UPDATE 3-Verizon Wireless clears hurdles in cable spectrum deal
* DoJ to approve spectrum sale, sets conditions for commercial deals
* FCC chairman urges spectrum deal approval
* Analyst sees more spectrum deals following
* Consumer groups still concerned about competition environment
By Sinead Carew and Jasmin Melvin
NEW YORK/WASHINGTON Aug 16 (Reuters) - U.S. regulators cleared the way for Verizon Wireless to proceed with its $3.9 billion purchase of airwaves from big cable providers but placed constraints on the companies' marketing agreements.
The U.S. Department of Justice said on Thursday it would approve the spectrum sale, and the head of the Federal Communications Commission said the commission should also give the deal the go-ahead.
The spectrum purchase will give Verizon Wireless additional capacity to help it cope with rising demand for video on mobile devices and data services such as Web surfing.
Analysts said the approvals were a victory for Verizon Wireless and the cable companies. Wells Fargo analyst Jennifer Fritzsche said that the positive regulatory review of the deal with "minor conditions" would be good for the industry and prompt more spectrum deals.
"We expect the approval of this deal to stimulate more spectrum moves (purchases, sales and/or swaps) with other industry players," Fritzsche said.
Reuters had reported on Aug. 2 that regulators were expected to approve the deal with conditions.
Verizon's proposed deal with the cable providers, including Comcast Corp and Time Warner Cable Inc, drew opposition from some rivals and public interest groups, which complained that it would hurt competition.
Verizon Wireless anticipated some regulatory concerns by agreeing in the last few months to sell some spectrum.
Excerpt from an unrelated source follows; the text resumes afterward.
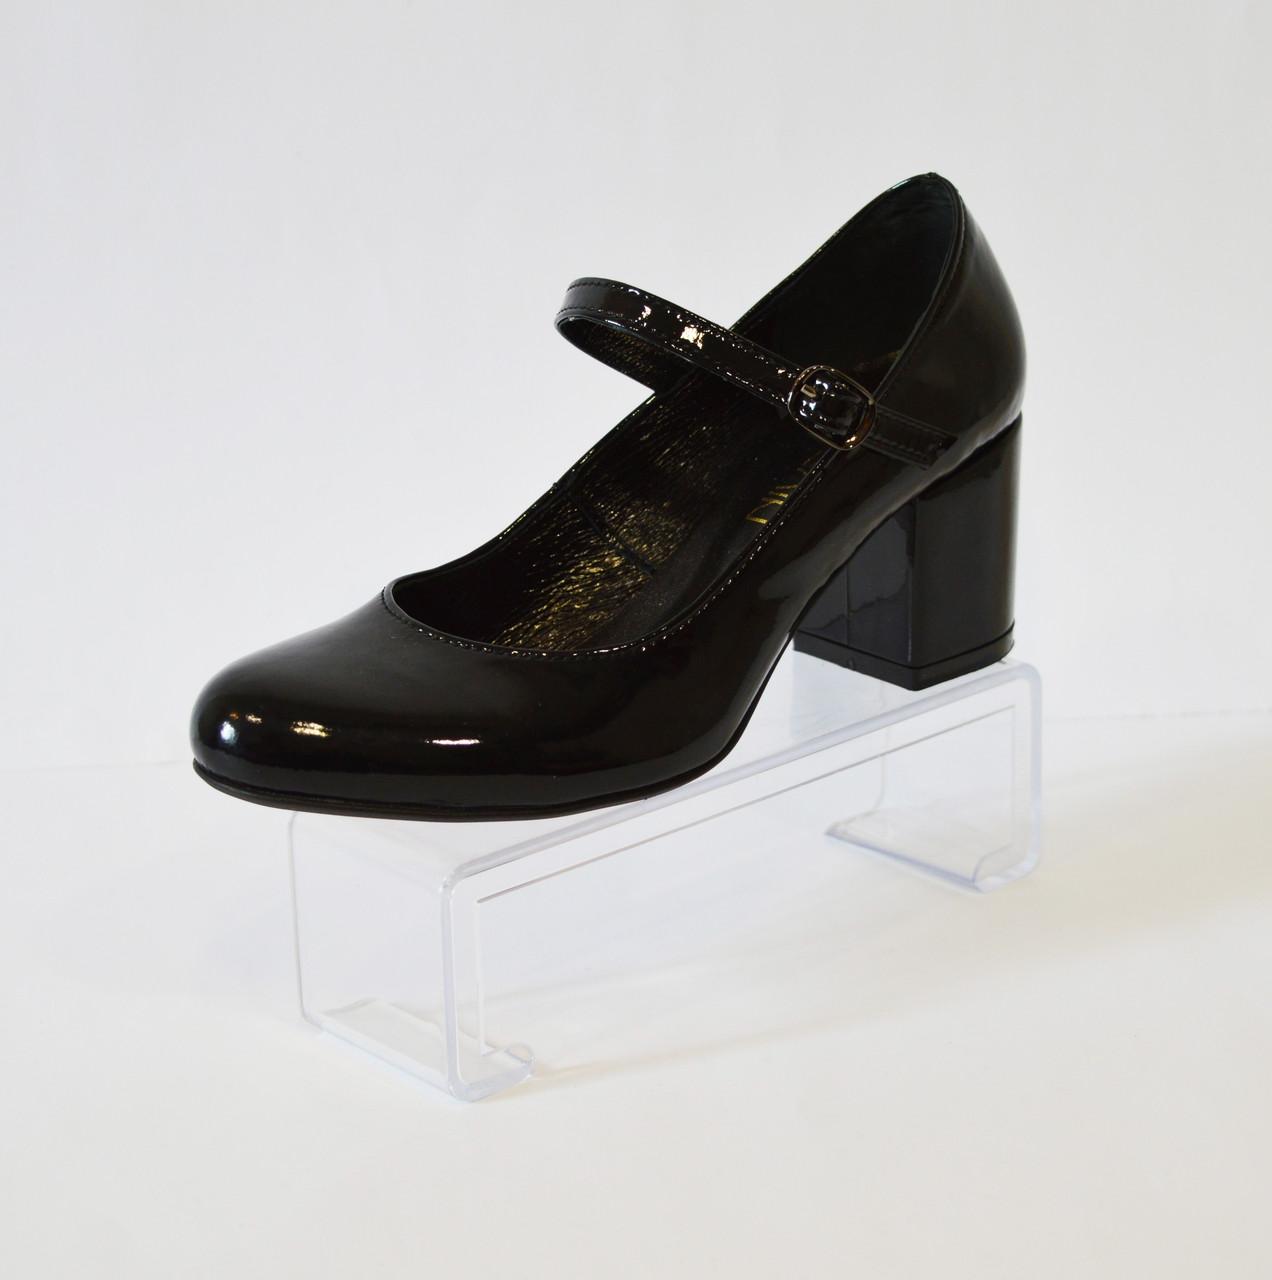 Кожаные туфли Nivelle 1766

Among the sales was one it forged with Deutsche Telekom AG unit
T-Mobile USA, which was originally the most outspoken opponent of Verizon's deal with the cable companies.
The Justice Department said on Thursday that it wanted changes to Verizon Wireless's commercial agreements with the cable companies under which they planned to market each other's services and form a technology joint venture.
For example, the Justice Department said in a settlement proposal it filed that Verizon Wireless should not be allowed to market cable company products in areas where its parent, Verizon Communications Inc, sells FiOS television and Internet services that compete with those of cable providers.
The department also said that it would limit the duration of the proposed technology venture so that it would not "dampen the companies' incentives to compete against one another."
It also said that the companies should tweak their service resale agreement so that cable companies would be allowed to sell services from Verizon Wireless rivals after five years.
But even with those changes, Barclays analyst James Ratcliffe said that the deal would be positive for all involved as Verizon Wireless needs new spectrum and the cable companies are getting a good price for their assets.
Shortly after the Justice Department announced its conditions on Thursday, FCC Chairman Julius Genachowski urged the commission to approve the deal since Verizon Wireless has made certain promises, including one to sell certain spectrum assets.
Genachowski also said that the company committed to accelerate the build-out out of its network to use the new spectrum and to "enhance its roaming obligations."
A majority of the FCC's commissioners must still vote in favor of the transaction before it can proceed. The conditions the Justice Department placed on the commercial agreements are also subject to a 60-day comment period and require court approval.
Comcast Executive Vice President David Cohen said he was pleased with the settlement the companies had negotiated with the Justice Department and that he was hopeful the FCC would issue a final order on the deal shortly.
Verizon General Counsel William Petersen said in a statement that the company believed the "consumer benefits of the transaction will be promptly realized."
Consumer groups were critical, however. While regulators had mitigated some "consumer harms this deal would have caused," said Free Press policy adviser Joel Kelsey, they had not done enough to prevent Verizon Wireless and its cable partners from becoming too dominant.
"Whatever has been done to address the worst parts of this agreement, it's clear now that Congress and the FCC still need to confront the monopoly environment most consumers now face when choosing broadband service," he said.
In a move that analysts described as procedural, the Justice Department said on Thursday that it had filed a lawsuit barring the companies from going through with their original commercial agreements. It also filed a proposed settlement that would resolve its concerns if the plan gains court approval.
Verizon Wireless is a venture of Verizon Communications and Vodafone Group Plc.